Shab Khoon's publication started in 1966. Like almost all the other Urdu literary magazines, it was an individual venture and remained so despite the passing of forty long years. So its publication wholly depended on Mr Farooqi who now, at the age of 72, and in failing health, finds it difficult to continue its publication.

However, we should start preparing ourselves for yet another bit of bad literary news. The fate of Ahmad Nadim Qasmi Sahib's Journal 'Fanoon', too, seems to be uncertain. The odds are that it will not survive it founder's demise.

 

New books

I have not forgotten the pleasure that I got while going through Ishfaque Bokhari's 'Chenab Club' some three years ago. The book narrates the story of Lyallpur, which is probably the most culturally emasculated city of our region. But Bokhari has told its story in such a charming style that when you start reading it you find it hard to stop short of the last page.

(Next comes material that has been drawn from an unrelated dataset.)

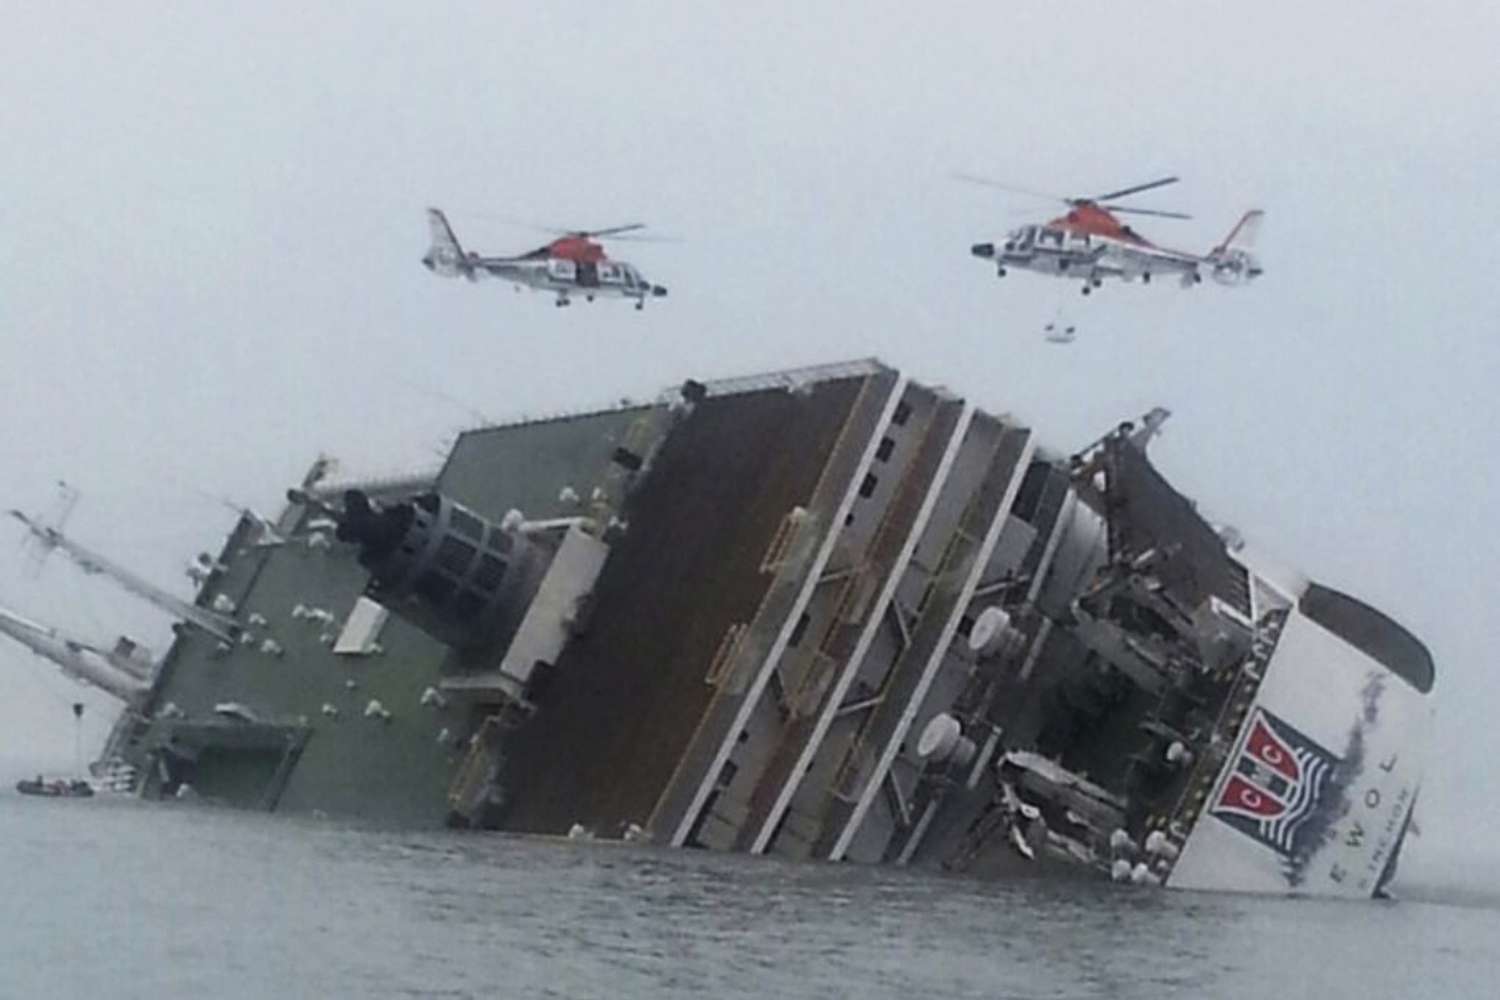 Rescue helicopters flying over the passenger ship <em>Sewol</em> as it sinks in waters off South Korea's southwestern coast on April 16, 2014 (Yonhap—EPA)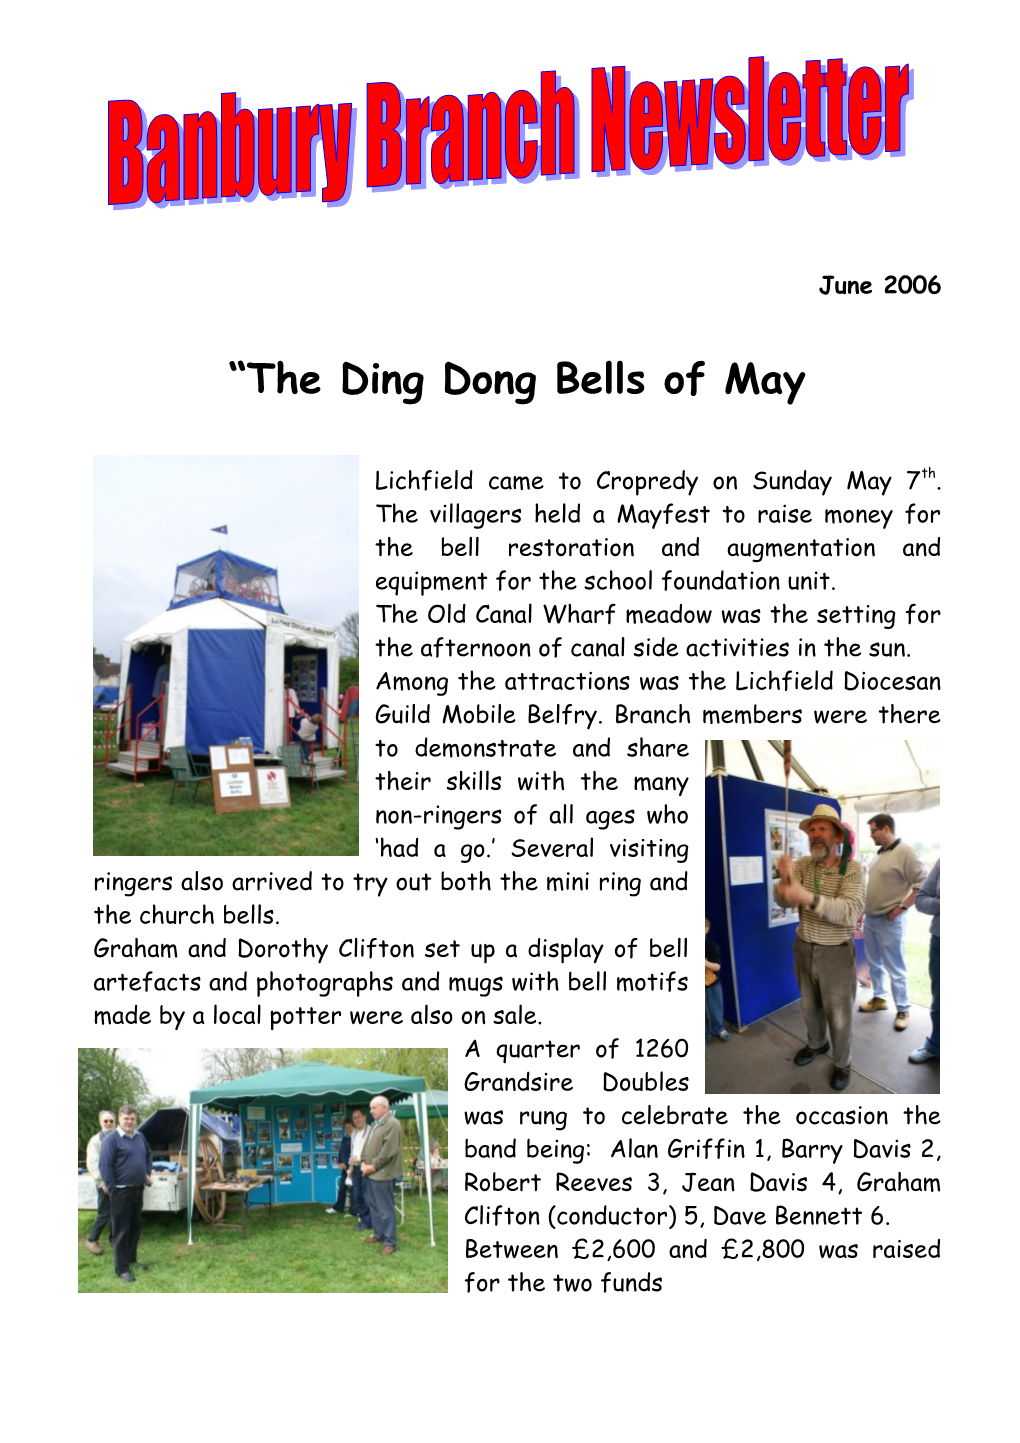 The Ding Dong Bells of May

Two of the main characters of Ishfaque Bokhari's story of Lyallpur are Sidney Webb and his wife Beatrice Webb, who were famous members of the Fabian Society and together authored many standard works on the socio-political problems of their times, the first half of the past century, the most monumental event of which was 'Soviet Communism -- A New Civilization'. The two were also co-founders of the London School of Economics and Political Science. They visited Lyallpur in 1912 and stayed at the Chenab Club.

Iftikhar Bokhari's love for his adopted city did not subside with the publication of his book. He has now come out with another volume on the city that was unfairly deprived of its name in the 1970s and is now known as Faisalabad.

Published under the title 'Halqa-e-Arbab-e-Zauq Lyallpur', the book carries a sort of literary history of Lyallpur with special reference to the activities of Halqa Arbab-e-Zauq. The Halqa was established there in 1972.

Poorab Academy of Islamabad has published Professor Wahab Ashrafi's 7-volume 'Tareekh-e-Adabyat-e-Aalam'. Probably it is the first book written in Urdu on the history of world literature. The 2700 pages of the book carry detailed chapters on literary traditions of almost all the major languages. It begins with the Egyptian literature of pre-historic period and ends with contemporary Urdu literature.

Prof Wahab Ashrafi is the chairman of the Urdu department of the Indian University of Ranchee. His book is something of a publishing event. A must-have for the serious students of literature, the book should also be read by those who have any interest in the history of civilization.

Sang-e-Meel Publishers of Lahore have published NJ Nusha's maiden collection of short stories. Titled 'On the Edge', it carries seven pieces. The characters of these stories are imaginary but they are no strangers to us, we find them around us in our daily life. The writer has been teaching in Pakistan and abroad and has also worked in some Arab countries.

The vast experience of life has enriched her with an insight into our social life. Her stories are about human suffering and deprivation. They tell us about the women who are physically and emotionally exploited. Nusha wants us to realise the role that we have played in bring about this unjust society.